Authors: Martin Kaňok;  Michal Novotný
Authors‘ workplace: Department of Circuit Theory, Faculty of Electrical Engineering, Czech Technical University in Prague, Prague, Czech Republic
Published in: Lékař a technika - Clinician and Technology No. 3, 2019, 49, 97-101


Evaluation of precision of consonant articulation is commonly used metric in assessment of pathological speech. However, up to date most of the research on consonant characteristics was performed on English while there are obvious language-specific differences. The aim of the current study was therefore to investigate the patterns of consonant articulation in Czech across 6 stop consonants with respect to age and gender. The database used consisted of 30 female and 30 male healthy participants (mean age 51.0 years, standard deviation 18.0 years and range from 20 to 79 years). Four acoustic variables including voice onset time (VOT), VOT ratio and two spectral moments were analyzed. The Czech plosives /p/, /t/ and /k/ were found to be characterized by short voicing lag (average VOT ranged from 14 to 32 ms) while voiced plosives /b/, /d/ and /g/ by long voicing lead (average VOT ranged from -79 to -91 ms). Furthermore, we observed significantly longer duration of both VOT (p < 0.05) and VOT ratio (p < 0.01) of voiceless plosives in female compared to male gender. Finally, we revealed a significant negative correlation between age and duration of voiceless (r = -0.36, p < 0.05) as well as voiced VOT (r = -0.45, p = 0.01) in female but not in male participants.

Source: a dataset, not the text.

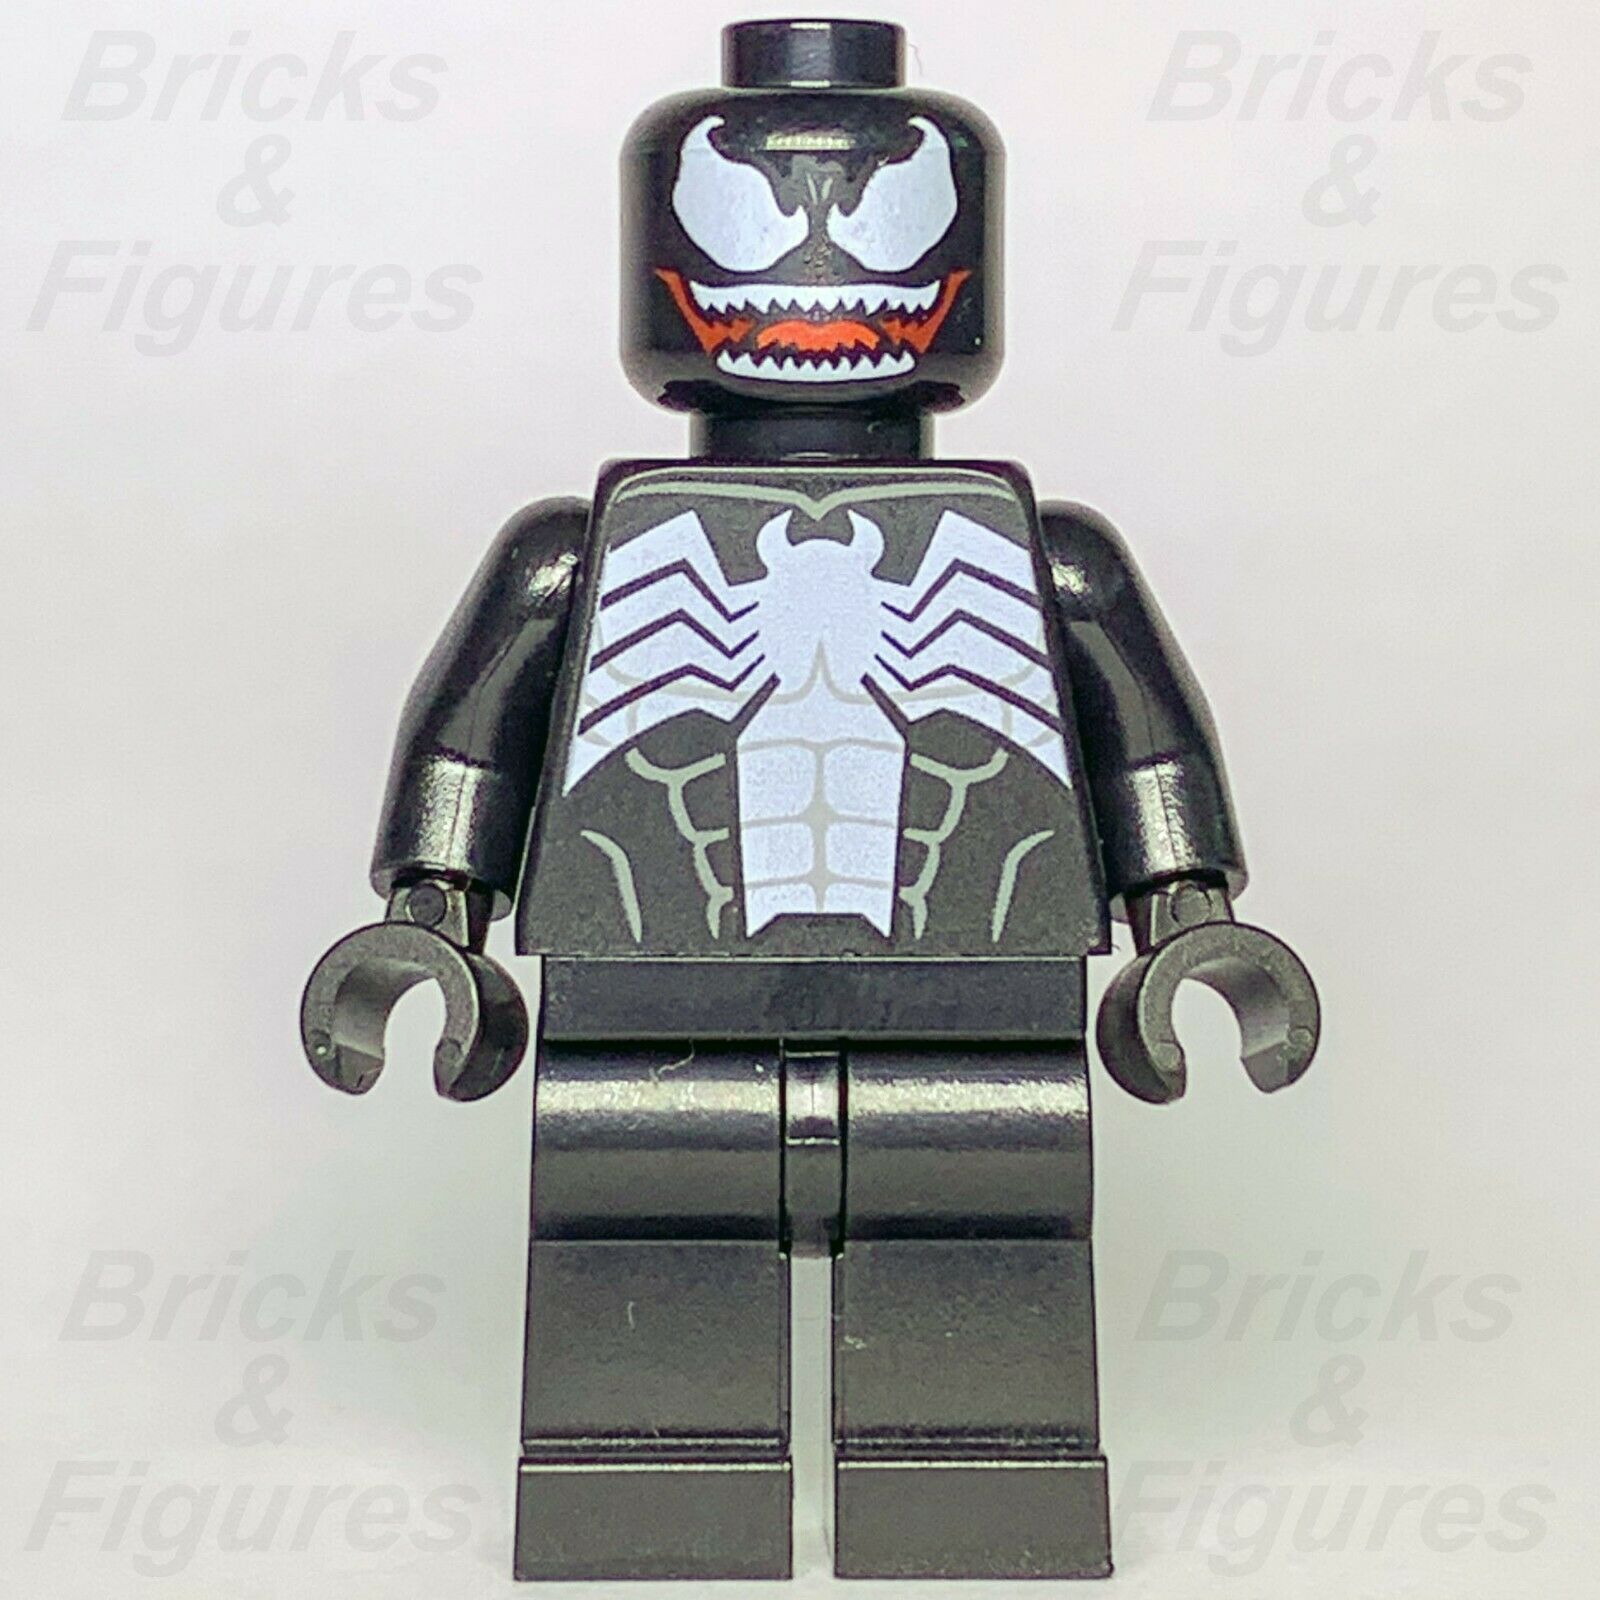 LEGO Marvel Super Heroes Minifigure - Venom - Extra Extra Bricks
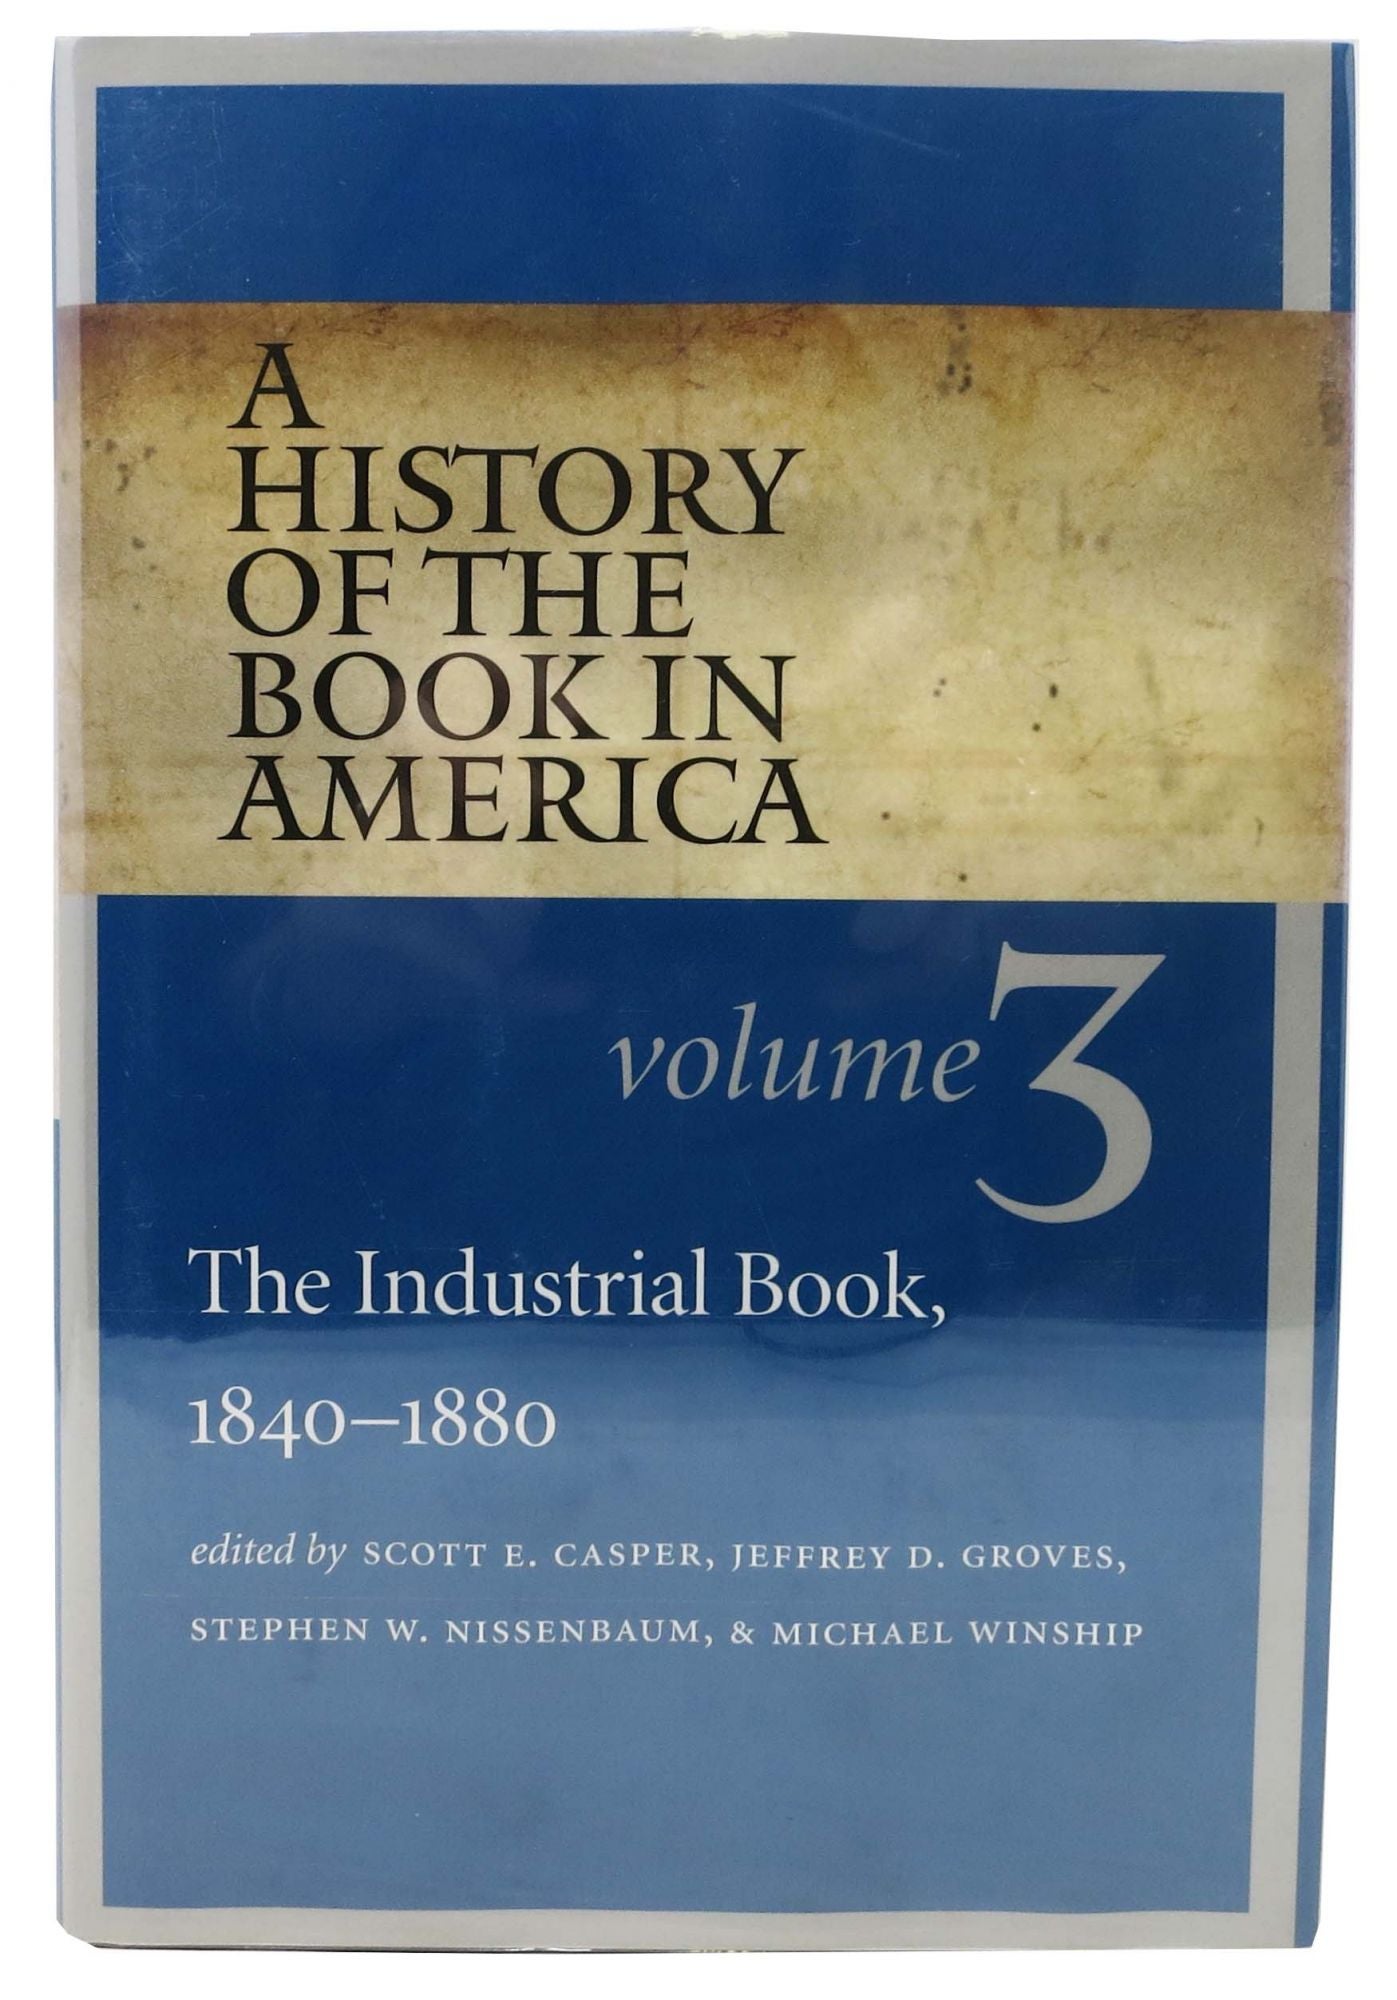 Casper, Scott E. Groves, Jeffrey D. Nissenbaum, Stephen W. Winship, Michael - Editors - A HISTORY Of The BOOK In AMERICA. The Industrial Book, 1840 - 1880. Volume 3

ageing – articulation of consonant – voice onset time – spectral moment – acoustic analysis – Czech


The elderly population is growing fast all over the world and therefore, the number of elderly subjects with speech/language disorders has also increased rapidly [1]. The occurrence of voice and speech disorders in adult age is commonly associated with neurological disorders such as Parkinson's disease, Alzheimer's disease, Huntington's disease and many others. Interest-ingly, it has been previously demonstrated that abnor-malities of speech in these disorders may occur several years before the diagnosis is established [2–4] and may even be the earliest indicator of the disease [5]. However, the natural changes of voice and speech also occur in healthy population as a consequence of normal aging process. Therefore, considering that early diagno-sis of neurological diseases is essential in improving the patients' life, research focused on speech characteristics of healthy speakers and aging effects is vital for clinical purposes. Without a general model of speech aging for normal healthy, elder individuals, it will be difficult to recognize whether the changes of speech are related to presymptomatic changes due to development of neu-rodegenerative diseases or if it is just a simple effect of normal aging process.

Evaluation of consonant articulation accuracy is a commonly used metric in the assessment of patho-logical speech performances [4, 6–8]. Among various classes of consonants, stop plosives are thought to be the most suitable class for investigation. From acoustic point of view, several measurements can be used for their description including various measures of conso-nant duration, spectral moments or formant transitions [6]. Among them, voice onset time (VOT) was perhaps the most frequently used parameter, and a relatively large amount of data has been published on VOT in normal healthy speakers.

VOT is defined as an interval between the articu-latory release of stop and the onset of vocal fold vibration [6]. This temporal parameter is the most reliable acoustic cue for the distinction between voiced and voiceless stops [6, 9]. In most languages, the VOT values for voiced and voiceless stops are produced in discrete duration ranges that correspond to one of the three voicing categories including voicing lead (voicing begins before the stop release; long negative VOT), short voicing lag (short positive VOT) and long voicing lag (long positive VOT) [9]. For example, in English voiceless plosives are predominantly characterized by long voicing lag while voiced plosives by short voicing lag [6, 9]. On the other hand, in Italian, voiceless plosives are typically characterized by short voicing lag while voiced plosives by long voicing lead [10]. How-ever, up to date most of the research on consonant characteristics was performed on English native speakers [6, 7, 9, 11–13] while there are obvious language-specific differences that have to be considered.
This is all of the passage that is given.